So much for healthcare egalitarianism: the dreaded ‘tiered’ healthcare system lives on even in a socialized system! Some might respond to this phenomenon by calling for a government crackdown on these ‘corrupt’ practices. But I would say that there is nothing wrong with ‘queue jumping’, as long as it is done in the free-market manner. On a free-market for medical services, people would be able to ‘jump the queue’ (if such queues would even exist, which is unlikely) by paying the healthcare provider more for the privilege. This is better than the socialized form of queue jumping for two main reasons: 1. Because ability to pay more can be a decent proxy for the urgency of people to get the procedure done promptly, whereas having connections in the system demonstrates no such thing. 2. Because free-market queue jumpers must contribute more resources to the healthcare system for the privilege, whereas connected queue jumpers don’t necessarily contribute any more to the healthcare system than non-connected patients.

3. Abysmal Customer Service

The government pays the bills and there are giant waiting lists for everything.

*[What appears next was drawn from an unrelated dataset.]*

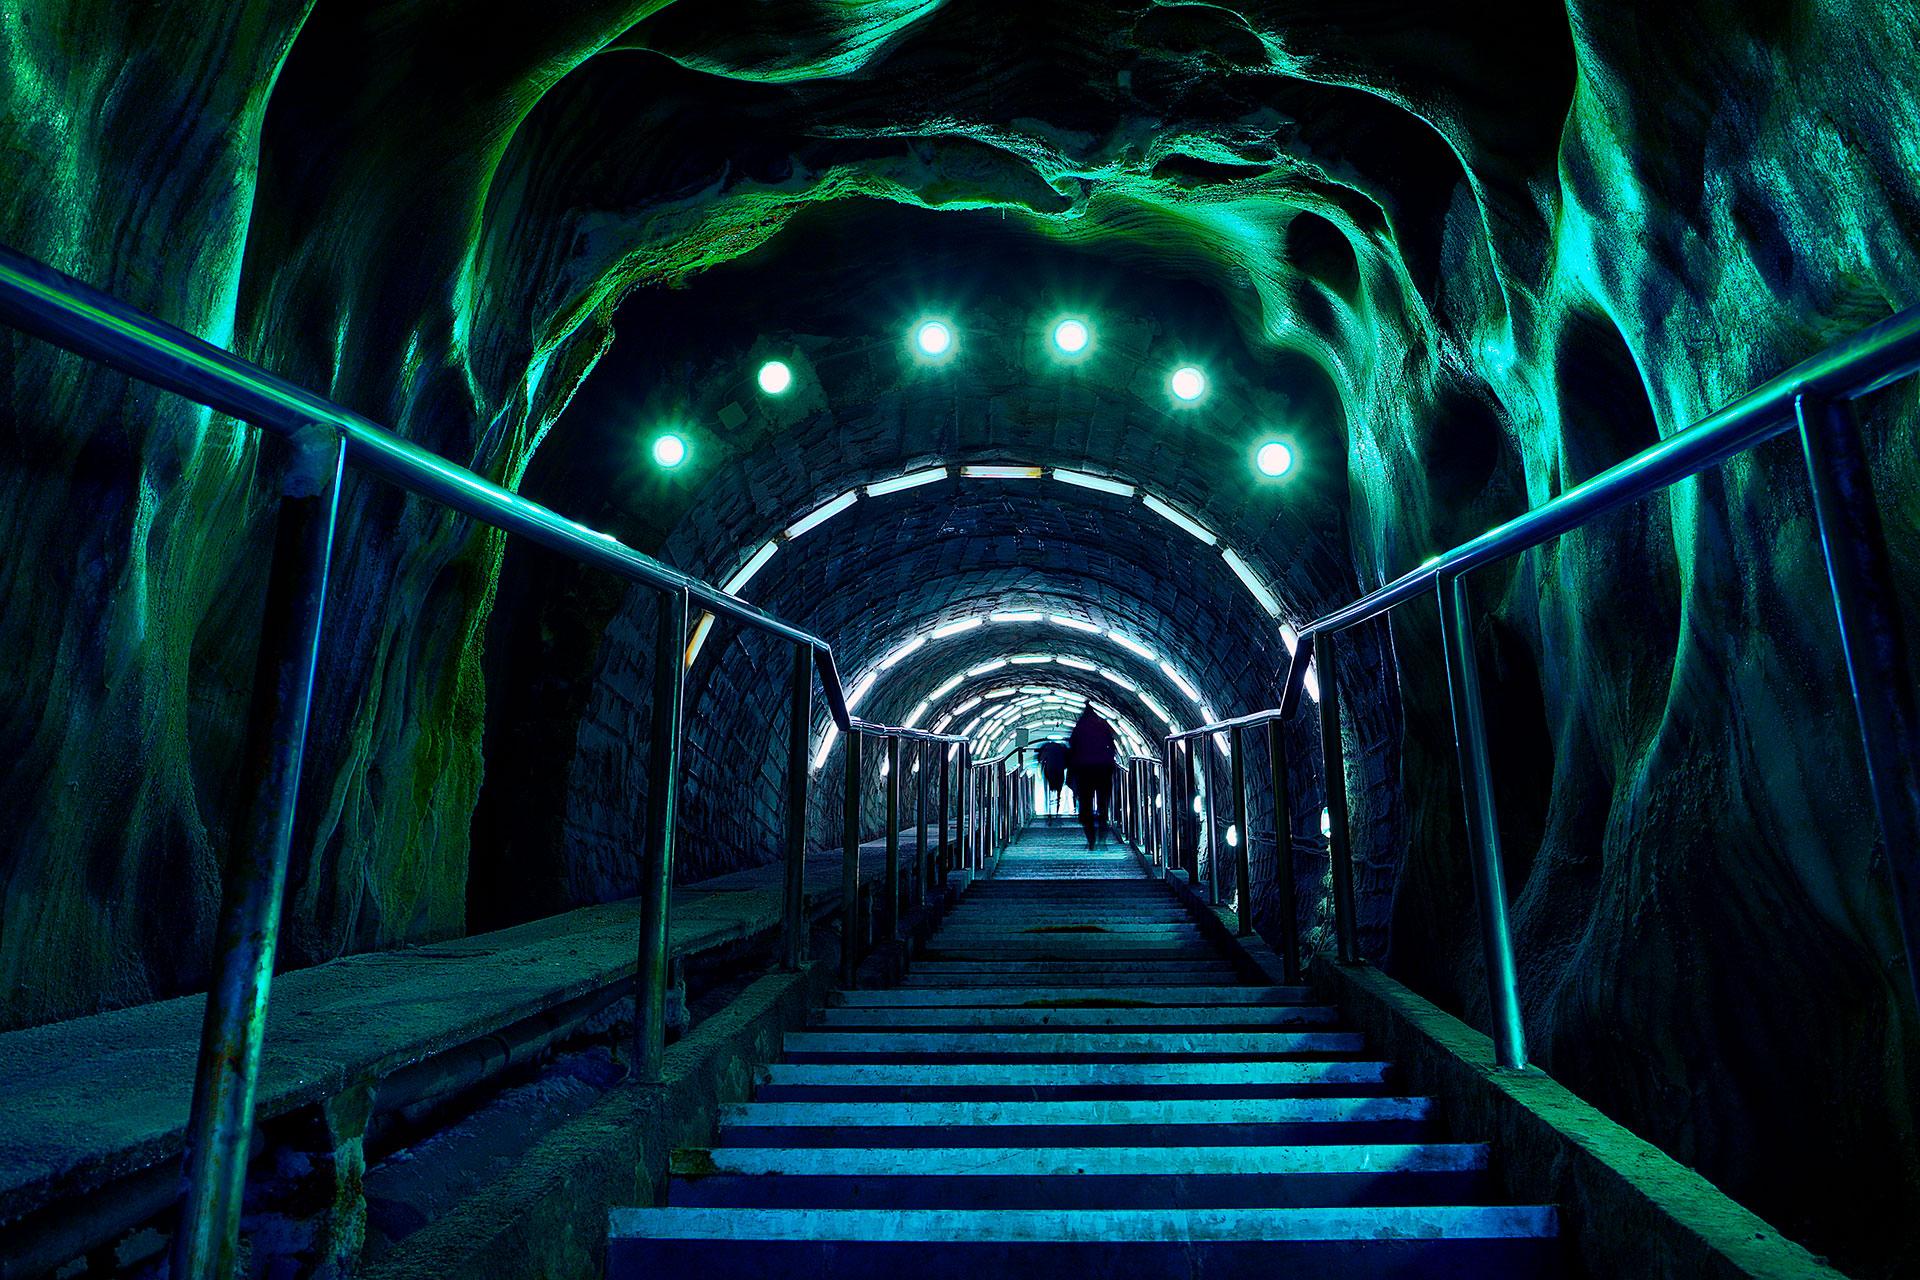 Cuenta con fascinantes túneles y pasadizos en los que los turistas pueden dimensionar la labor de los mineros
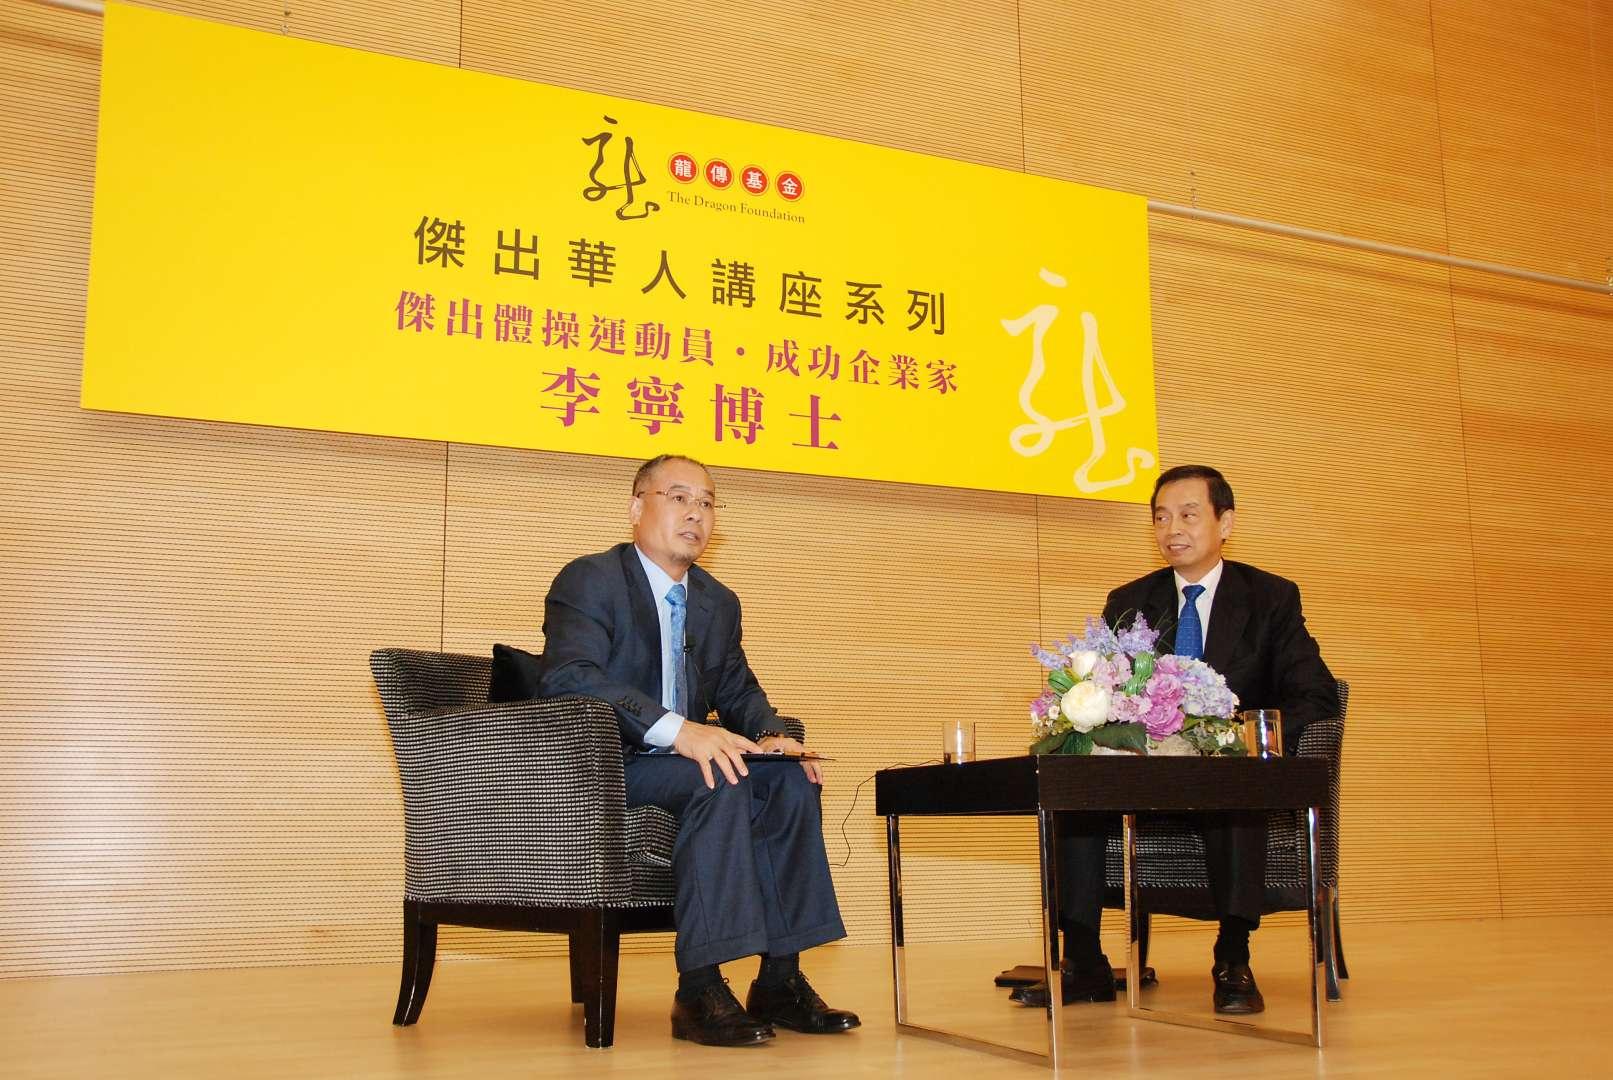 2010 LI Ling

Is there any wonder that customer service in the Canadian healthcare system is so poor? Don’t like your curt doctor or their rude receptionist? Doesn’t matter! You’re not the one paying the bills, and if you don’t want the service, there are hordes of people always waiting to replace you. Most free-market businesses must woo you for your patronage and for every dollar that you spend. If they don’t, you can take your business to one of many competitors. Hence most free-market businesses must compete on customer service. In socialized healthcare systems, this is reversed. Here, it is service providers that are in short supply, whereas consumers are plentiful. There is not much need to compete at all, let alone on something like customer service.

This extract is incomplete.